Kessler begins with:
...OpenAI CEO Sam Altman suggested that a “global regulatory body” was needed to monitor artificial intelligence. This is a colossally dumb idea. But Mr. Gates doubled down: “If the key is to stop the entire world from doing something dangerous, you’d almost want global government.” Wait, global what? ... In fact, of his 2023 world tour meeting heads of state, Mr. Altman noted, “there was almost universal support for it.” Well of course there was. Demand for power is insatiable. (Microsoft is a major investor in OpenAI.)
The article sees Kessler make the same, tired argument regarding "government bad" without really establishing the fact or considering the difference between "a bad government", "government bad", and "efficient government" beyond some vague notion relating to "size".

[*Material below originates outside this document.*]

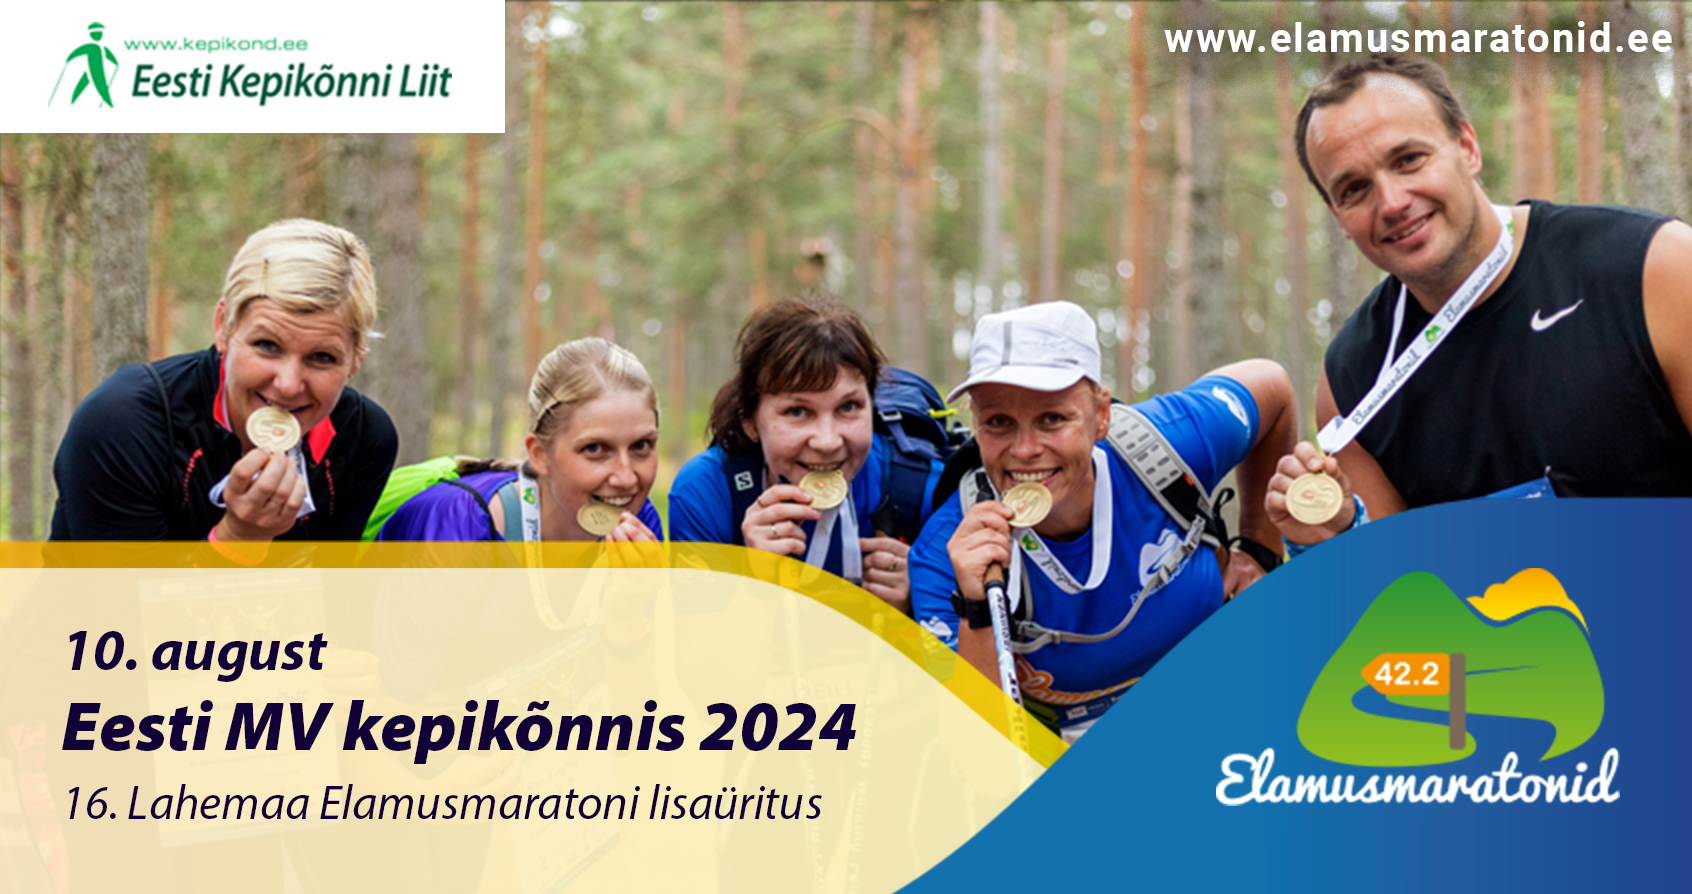 Eesti meistrivõistlused kepikõnnis toimuvad 10. augustil Kolgaküla terviserajal
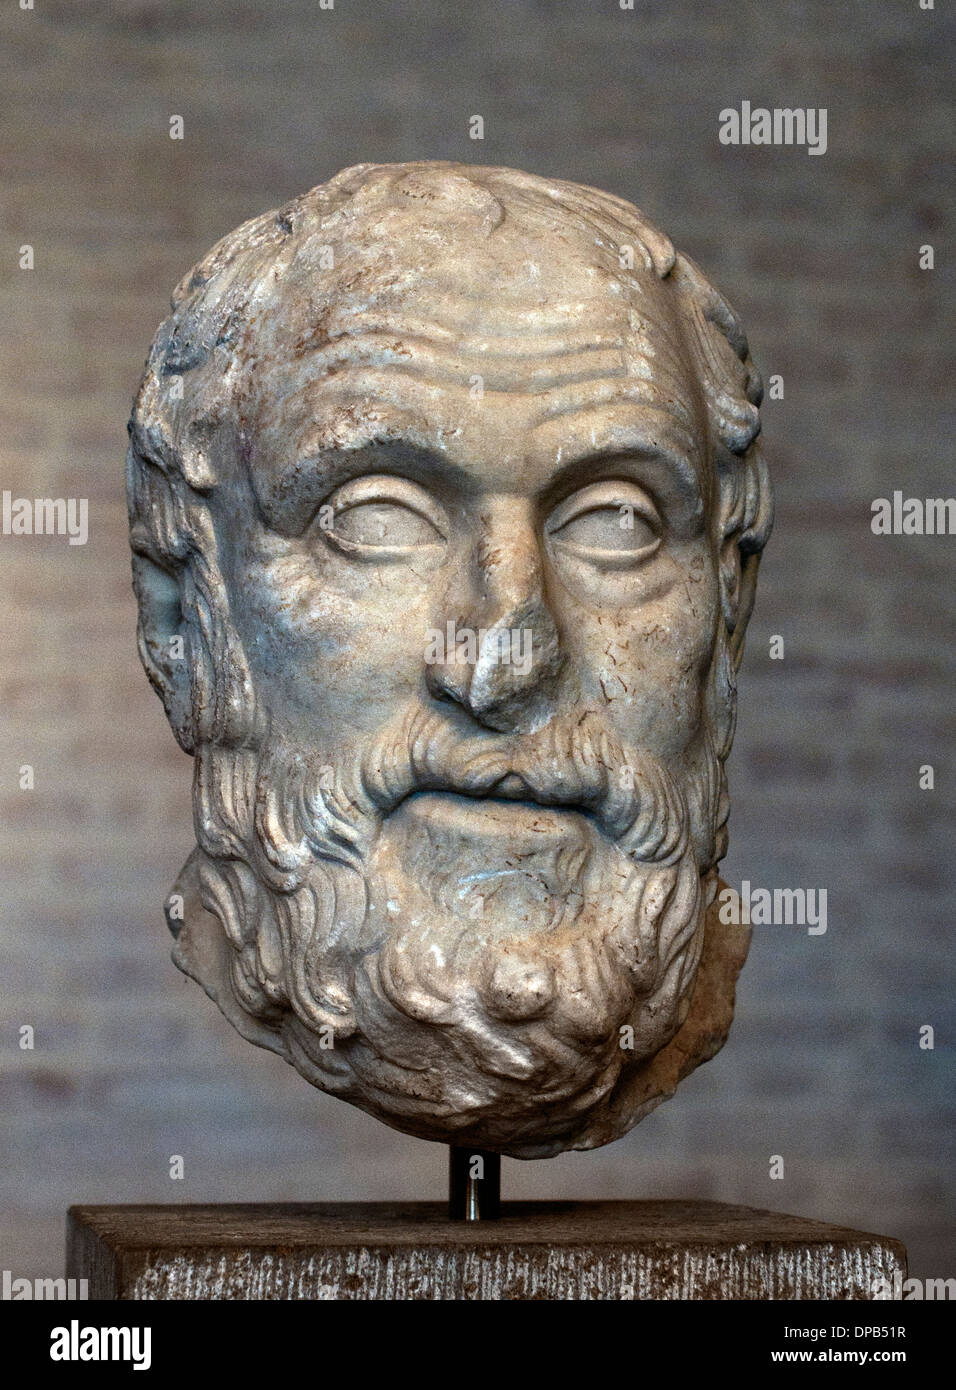 Carneades philosophe (215-129 av. J.-C.) copie romaine après la statue exposée sur le sit de l'agora grec Grèce Athènes BC150 Banque D'Images

He affirms that "[g]overnments don’t like to govern, but they like to control. Human freedom always takes a back seat" while being "reminded of something P.J. O’Rourke told [him] in 2009" about government always wanting to tell others what to do, O'Rourke's conclusion for this behaviour being: "Government is just a form of bullying for weaklings. Politics is the art of achieving power and prestige without merit.”
In closing, Kessler offers:
I prefer limited government. Spend enough on defense to keep us safe and secure, help the truly downtrodden, do some basic research and then, as Grover Norquist so eloquently suggested, get government “down to the size where we can drown it in the bathtub.” For the economy, the government should set the rules of the sandbox, then get out of the way and let markets and competition do their magic.
In Kessler's own words: colossally dumb.
The self-adjusting free-market lunacy is just that, perhaps due to short-term-memory issues or little knowledge of recent history, but deregulation led to deeply corrupt, lobbyist-run government that's responsible for globally-affecting market crashes and the geopolitical and economic now that people like Kessler do nothing but whine about.
There are some areas that shouldn't be left to magic or idiocy.
And there are areas that demand total, global cooperation. For all.